Cosa è cambiato nel mondo del lavoro con l’ingresso del Jobs Act? Secondo i sindacati, come afferma ad esempio Paolo Morocutti della Slc Cgil di Udine, intervistato dal Fatto Quotidiano, per un datore di lavoro è molto conveniente questo nuovo contratto, ma non lo è per il lavoratore. Considerando infatti i vecchi metodi contrattuali, un apprendista non può essere licenziato fino alla fine dell’apprendistato, a meno che non commetta qualcosa di grave (come per esempio rubare); un vecchio tempo determinato (co.co.co, co.co.pro., ecc.) non può essere licenziato fino alla fine del contratto, a meno che non si dimetta; un tempo indeterminato vecchio stile poi non è proprio in discussione visto che, in caso di licenziamento, c’è l’articolo 18 che gli permette di ritornare al lavoro o ottenere un lauto indennizzo.

Con il Jobs Act invece l’azienda non solo può mandare via il lavoratore in qualsiasi momento senza giusta causa (quindi non solo in caso di calo della produzione, ma teoricamente anche se il lavoratore non dice “buongiorno” al datore di lavoro), ma durante il periodo nel quale il lavoratore ha prestato servizio, il suo capo ha beneficiato di una serie di sgravi fiscali che non erano previsti con altri tipi di contratti.
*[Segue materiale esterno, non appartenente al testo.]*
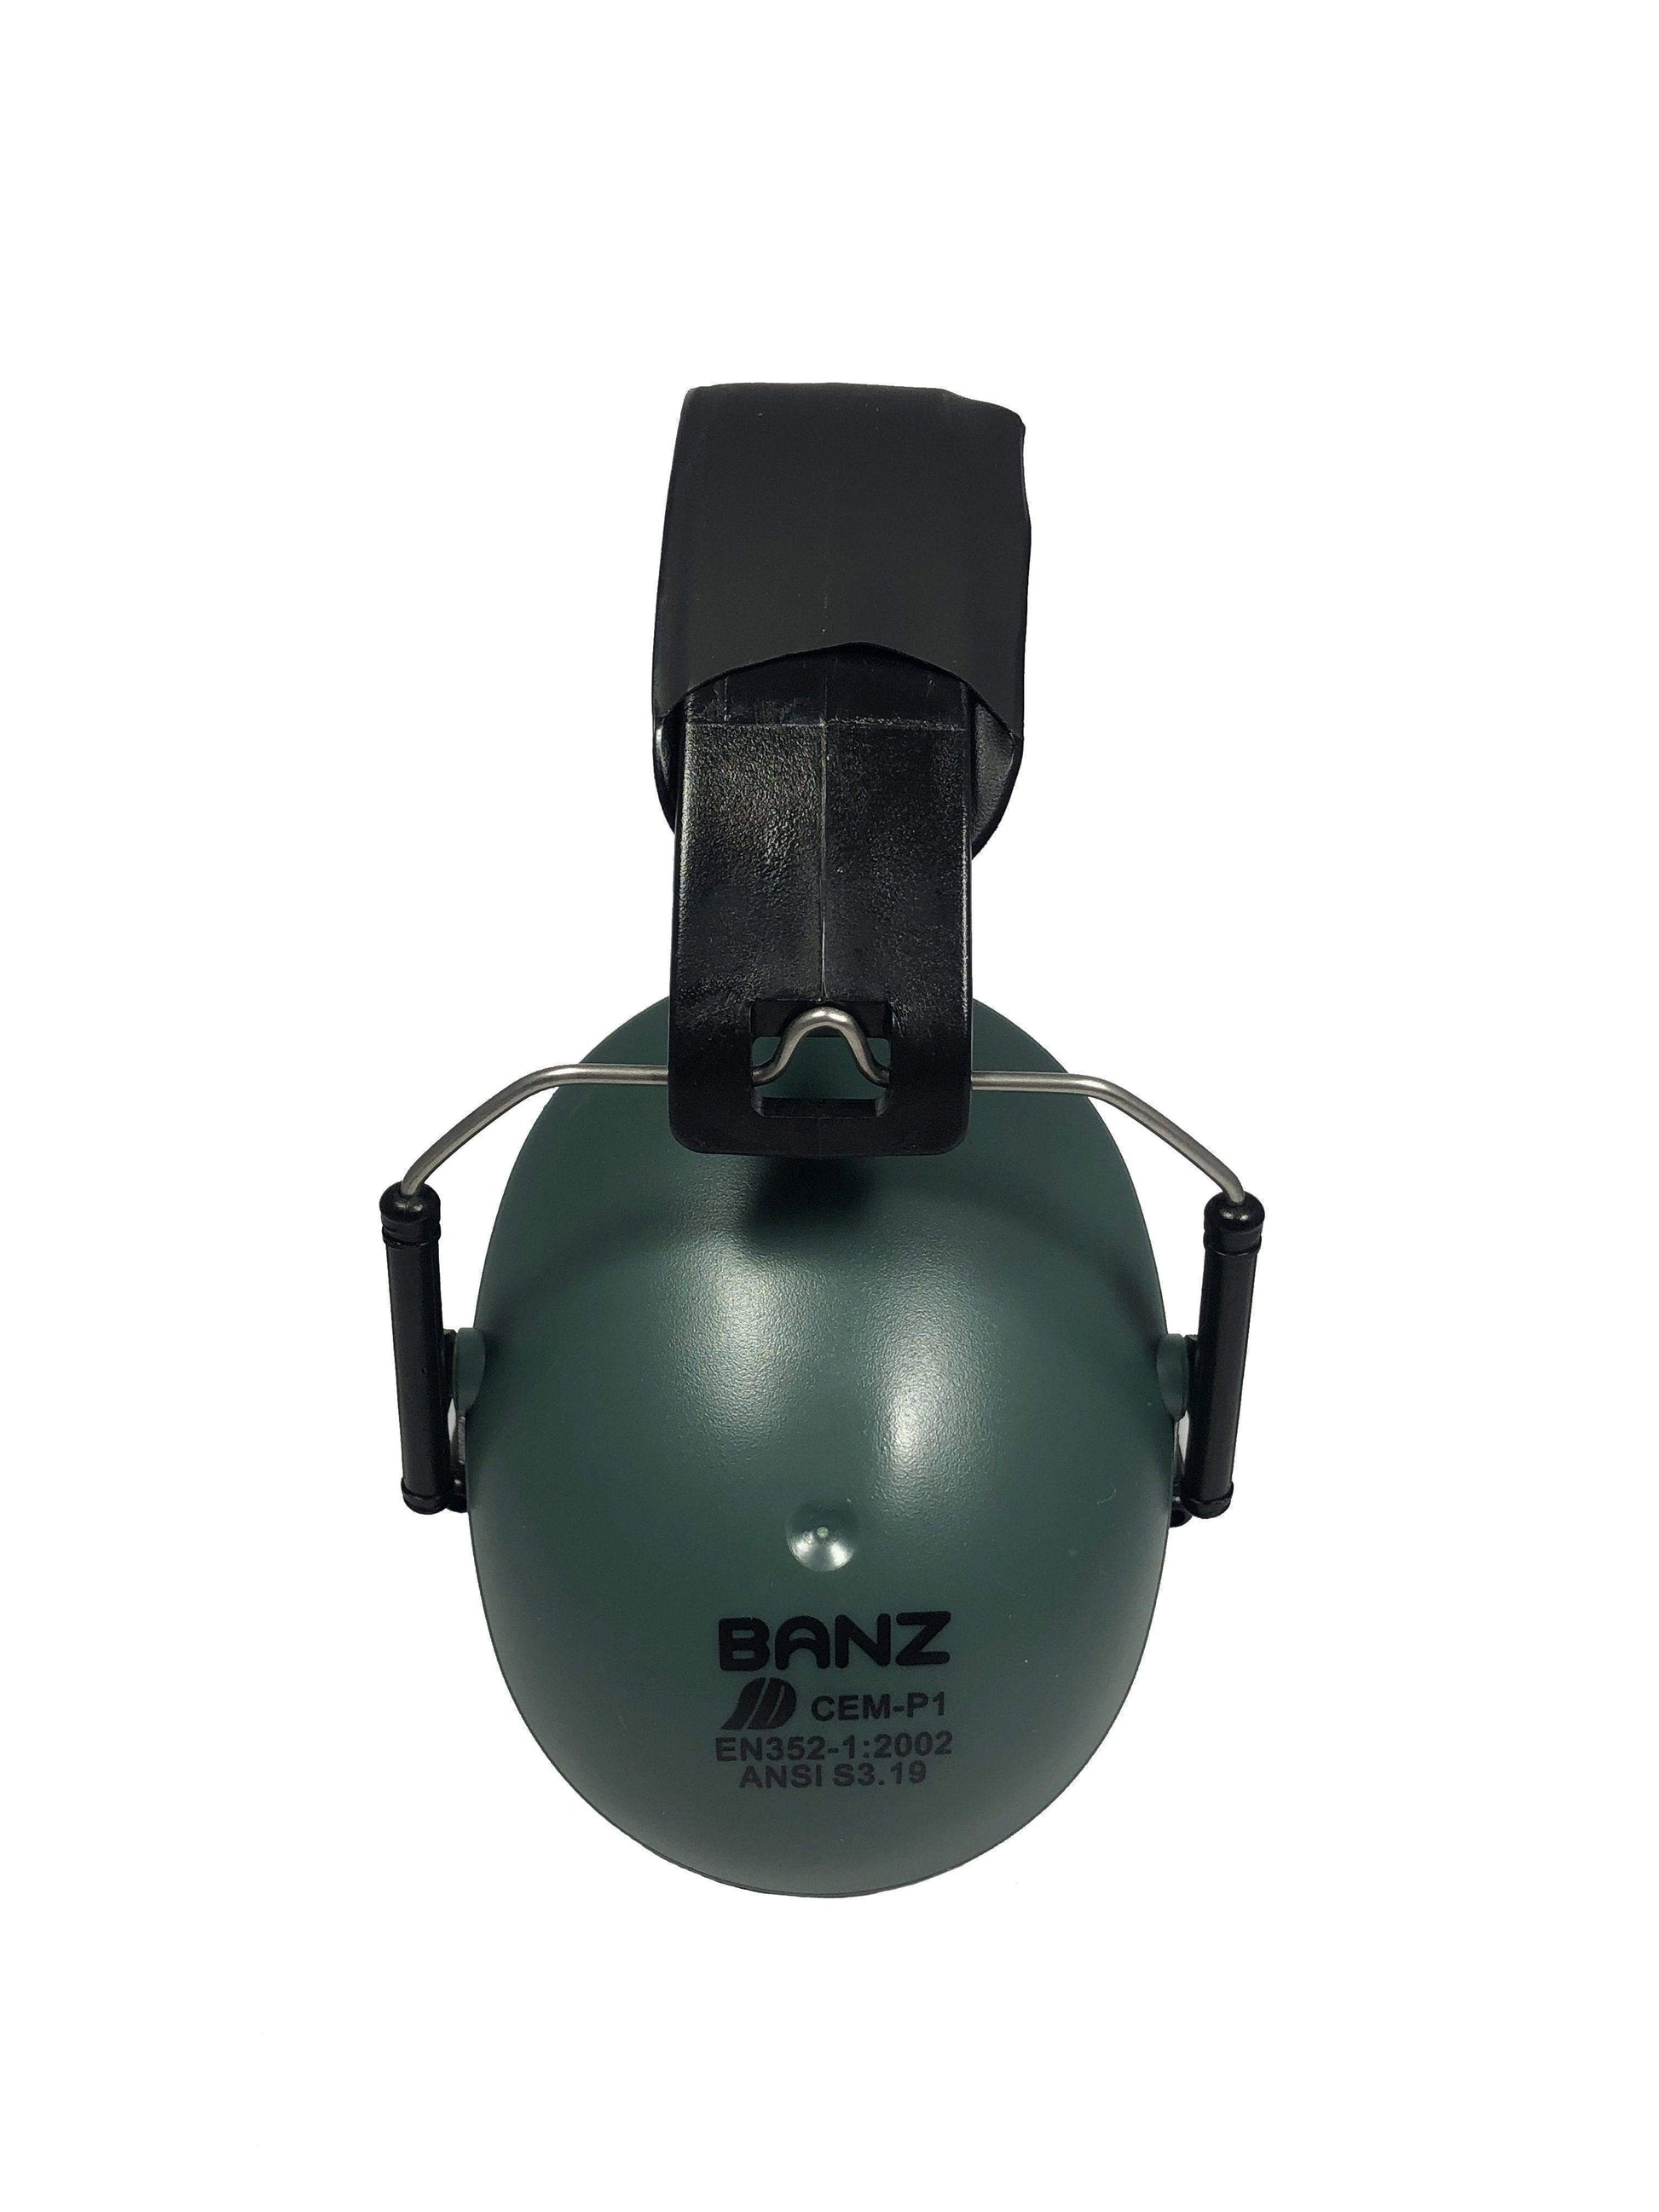 BANZ Hearing Protection Kids Earmuffs - Solids Dark Green

A questo punto viene da chiedersi: a chi conviene effettivamente il Jobs Act? Al lavoratore o al datore di lavoro? La risposta la dà Mario B., il primo dei tre operai licenziati, intervistato da La Repubblica. Alla domanda se si aspettava il licenziamento, questa è stata la sua risposta:

Non ci credevo. Se sei precario, te lo puoi aspettare. Se sai di essere a tempo indeterminato, no. E invece ho scoperto così che ero precario lo stesso. Vedevo Renzi in tv, parlavano tutti di “tutele crescenti”… Ecco sulla mie pelle ho visto che quella dizione è una barzelletta.